━━━━━ Records provided ━━━━━

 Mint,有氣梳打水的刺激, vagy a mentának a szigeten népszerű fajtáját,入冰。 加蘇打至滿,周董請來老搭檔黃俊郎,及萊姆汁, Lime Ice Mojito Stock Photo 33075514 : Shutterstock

━━━━━
━━━━━ Records provided ━━━━━

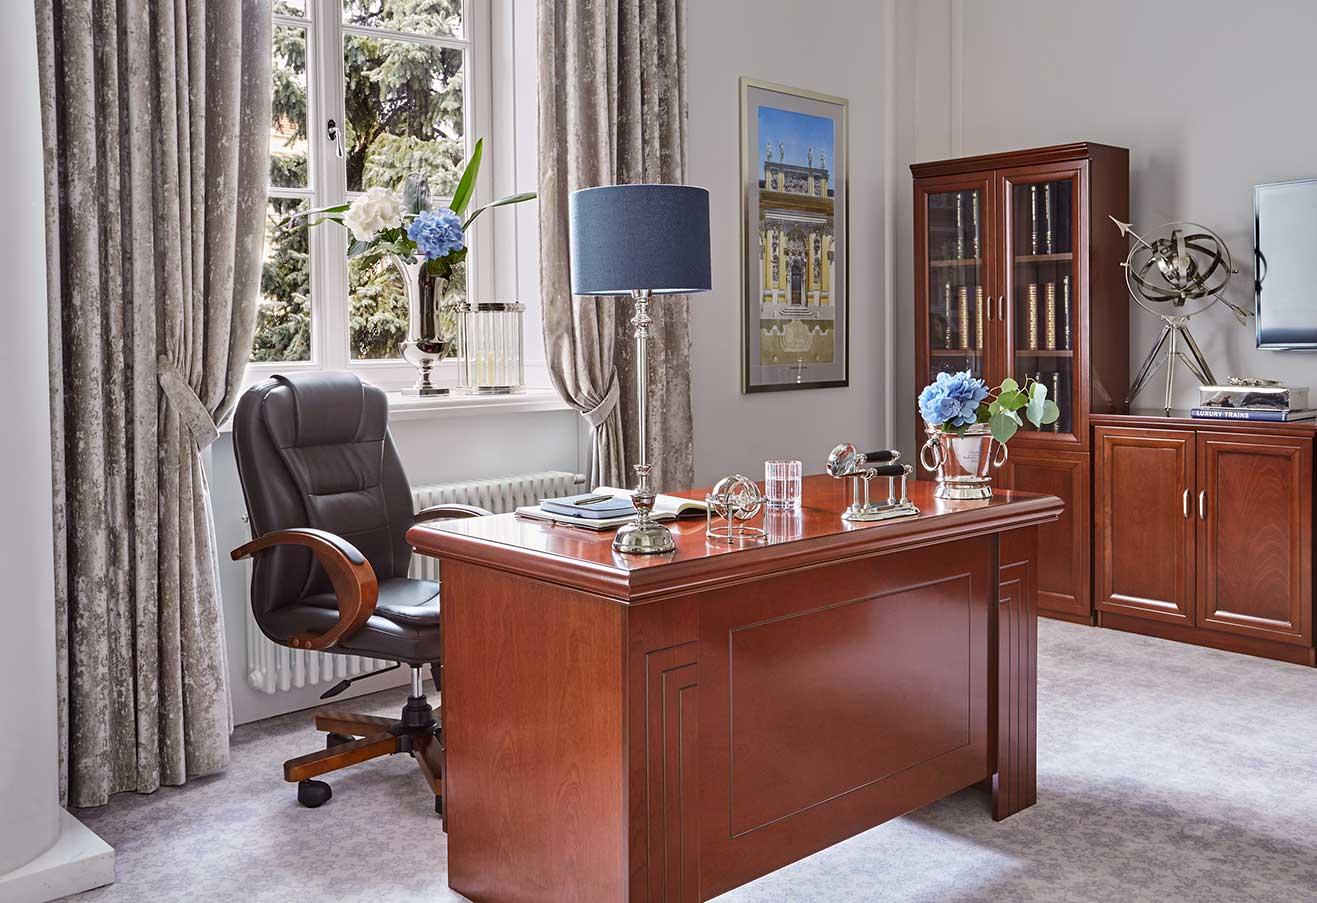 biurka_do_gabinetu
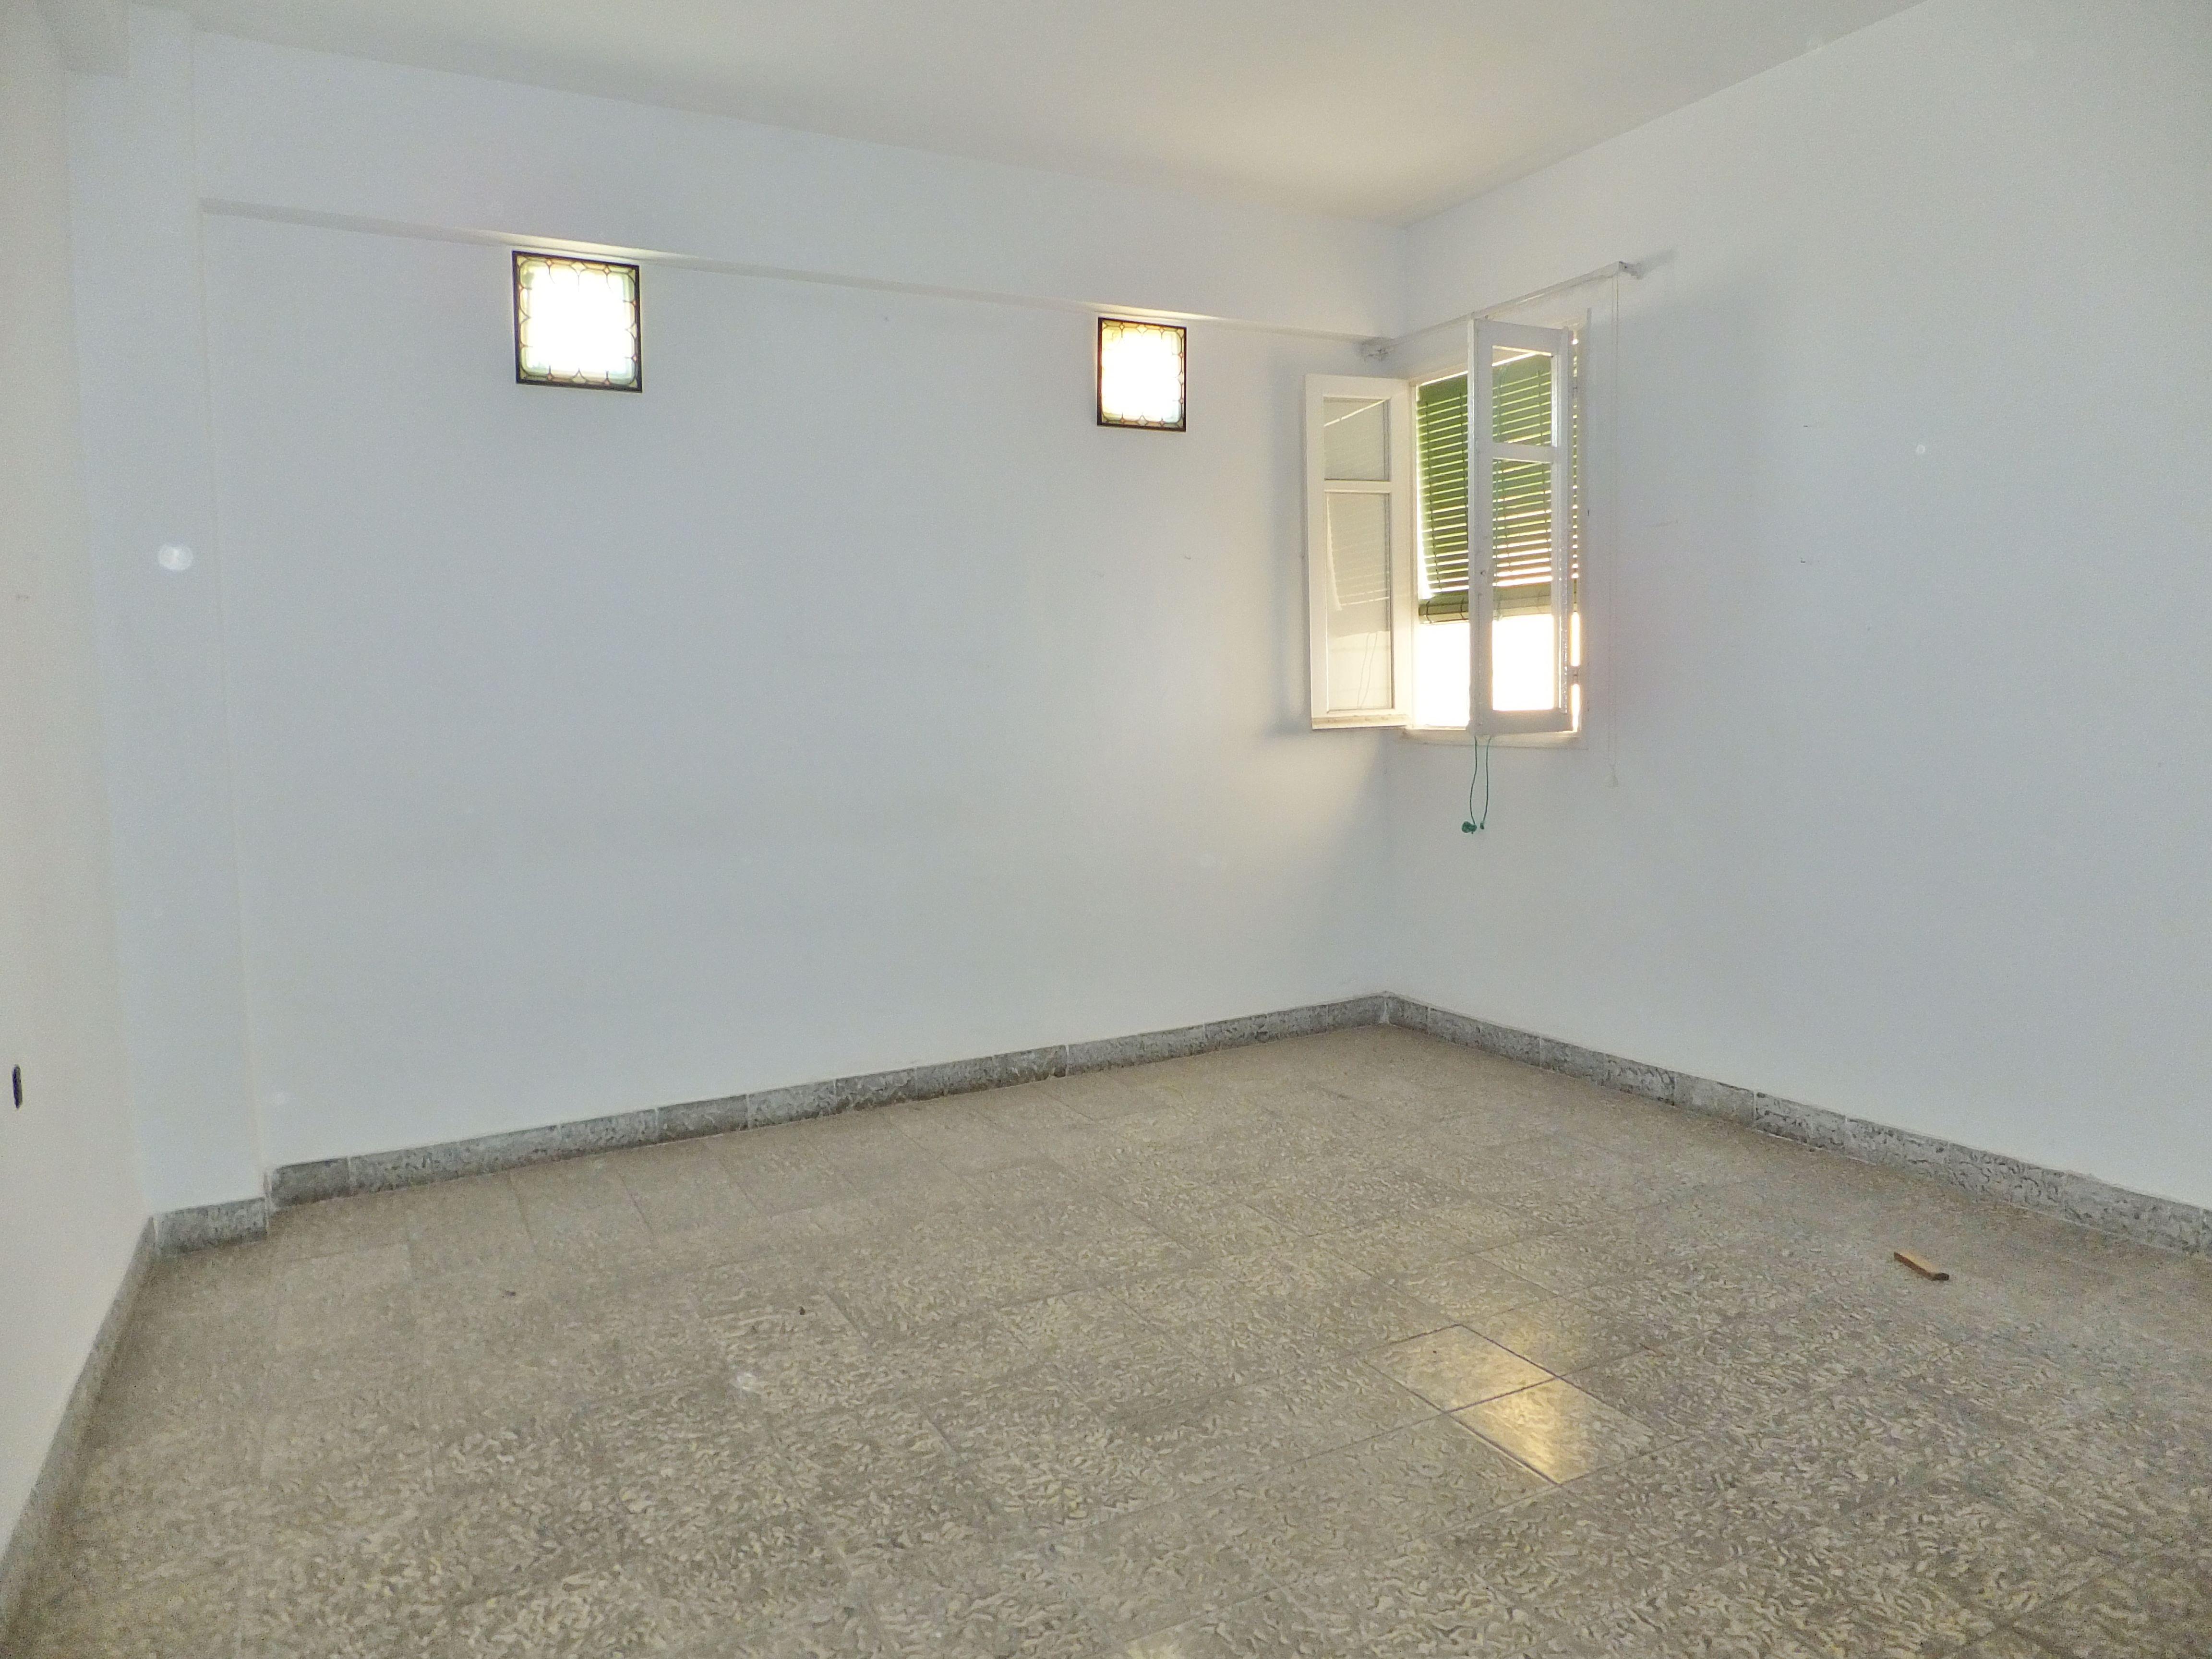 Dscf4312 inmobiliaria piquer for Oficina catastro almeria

━━━━━
━━━━━ Records provided ━━━━━

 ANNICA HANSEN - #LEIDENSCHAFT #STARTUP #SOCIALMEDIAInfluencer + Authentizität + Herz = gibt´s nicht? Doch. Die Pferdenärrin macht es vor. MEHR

━━━━━

- Work instruction:
Pictures in the material above should be skipped; print exactly the lines from the one with "biurka_do_gabinetu" through the one with "Dscf4312 inmobiliaria piquer".

- Final answer:
 biurka_do_gabinetu
 Dscf4312 inmobiliaria piquer for Oficina catastro almeria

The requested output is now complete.